Kathleen Wyatt has been granted permission to lodge a belated claim against multi-millionaire Dale Vince, who made his fortune through a green energy company founded in the 1990s, which is said to be worth £57m.

The couple met and married in 1981 and had a child in 1983, separating just one year later. The wife became a full-time single parent with little income and had little contact with her ex-husband.

There is no time limit in the UK within which a spouse must seek an order for financial provision following a divorce and in 2011 the wife put forward an application. This was dismissed by the Court of Appeal and the application was taken to the Supreme Court to decide whether due consideration had been given to section 25 of the Matrimonial Causes Act 1973.

Having given Ms Wyatt permission to apply, it will be up to the trial judge when the case is heard as to whether any financial order is made. The wife could argue that she cared for the child leaving her ex-husband free to succeed in his business.

Mary explains: “It is certainly unusual to hear of a claim being made after all this time but without a consent order in place, the opportunity remains open.”

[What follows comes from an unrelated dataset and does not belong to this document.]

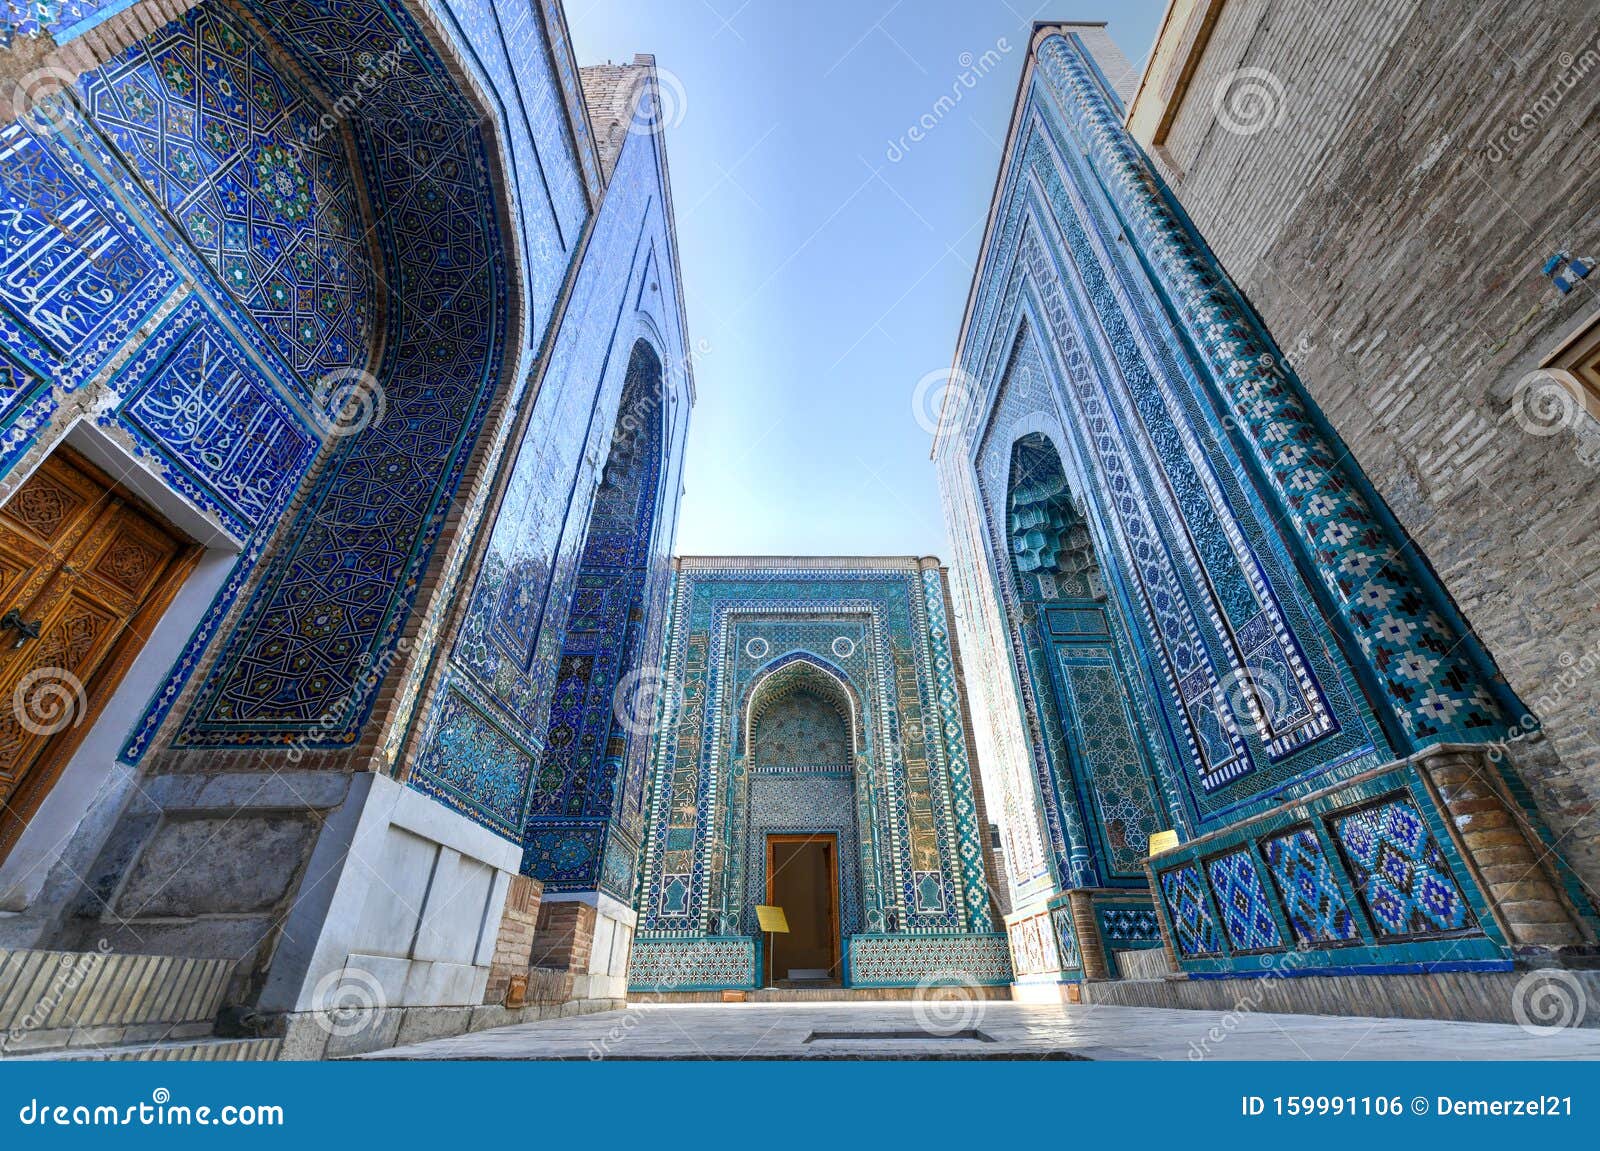 shah-i-zinda - samarkand, uzbekistan

“More people are thinking about pre or postnuptial agreements, following media coverage of high profile cases where these have been involved, such as German heiress Katrin Radmacher.

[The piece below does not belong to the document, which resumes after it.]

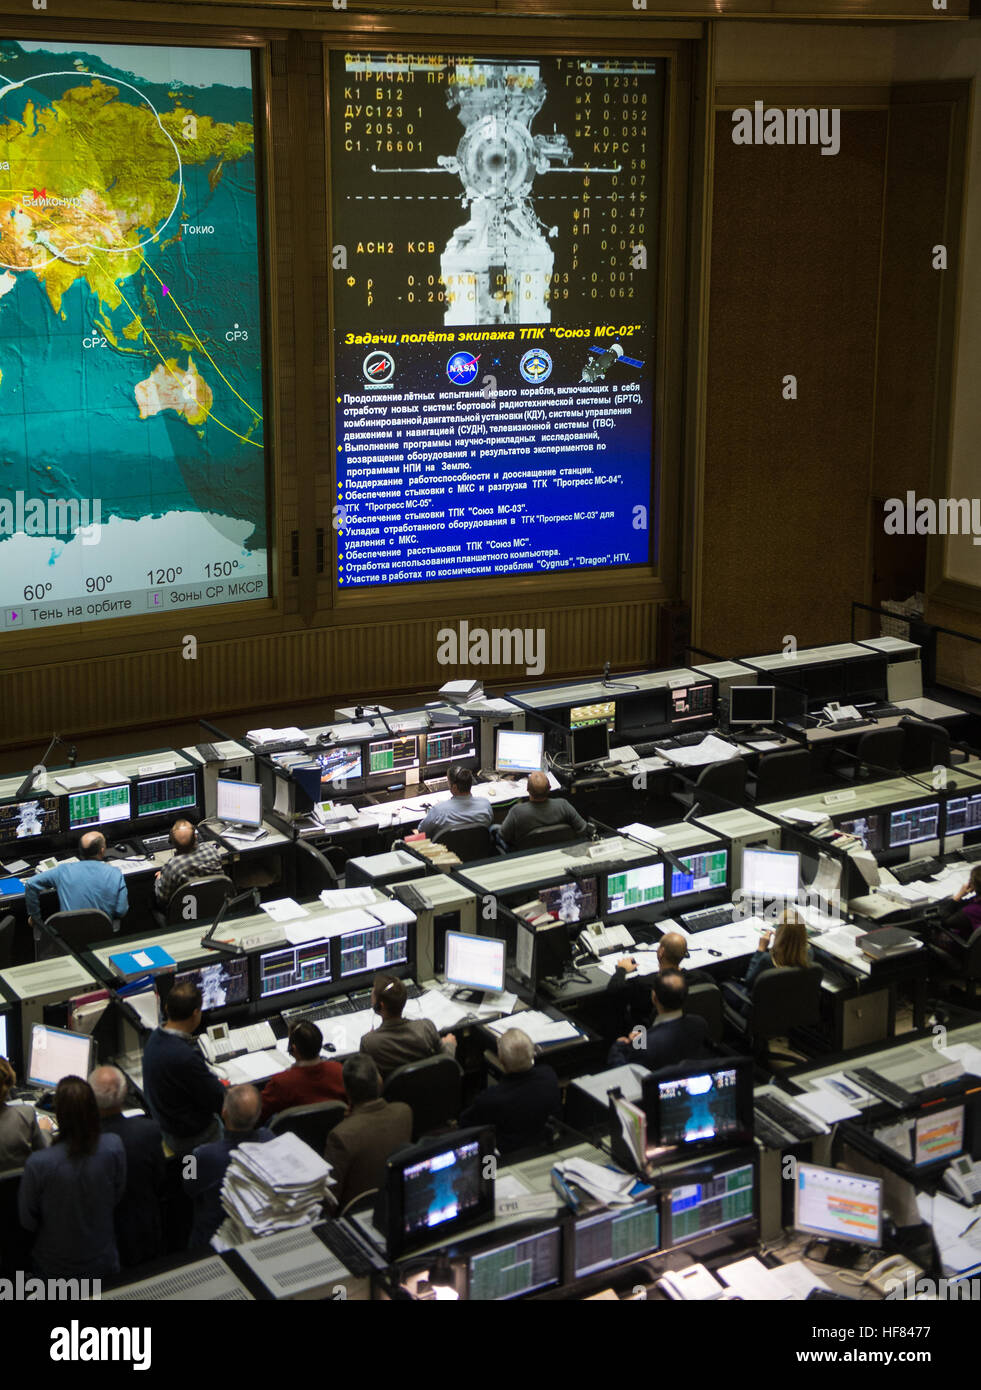 Una vista en directo de la Estación Espacial Internacional, como se ha visto por las cámaras a bordo de la nave espacial Soyuz MS-02 con expedición 49-50 tripulantes Shane Kimbrough, de la NASA, Sergey Ryzhikov de Roscosmos, y Andrey Borisenko de Roscosmos a bordo, se ve en la pantalla del Centro de Control de Misión en Moscú como la nave enfoques para el acoplamiento, el viernes, 21 de octubre de 2016 en Korolov, Rusia. El Soyuz MS-02 naves portadoras Kimbrough, Ryzhikov y Borisenko acoplado a las 5:52 A.M. EDT EL VIERNES, 21 de octubre de 251 Estatuto millas sobre el sur de Rusia y se unió a la expedición 49 Comandante Anatoly Ivanishin de Roscosmos y vuelo Foto de stock

Certainly, they are a sensible option for anyone getting married, but they are for use at the start of the relationship to set out what you wish to have happened if things go wrong. They are not legally binding in the UK, but will be a persuasive factor if both parties received independent legal advice at the time.”

She adds: “What’s involved here is the way in which a divorce is finalised. Once you’ve reached an agreement, you can get the court to make it legally binding, by applying for what is known as a consent order and that’s what was missing in this case.”

A consent order confirms what has been agreed and can include details on how assets will be divided, including cash, property, pension funds and other investments, and can also include arrangements for maintenance payments, including child maintenance. Both parties have to agree and sign the draft consent order and a judge will consider the terms to see if they appear fair and reasonable, and if so will approve the agreement to make it legally binding.

Mary adds: “Going through the process of obtaining a consent order should mean that both parties come out with a fair settlement and there will be no surprises some years down the line.”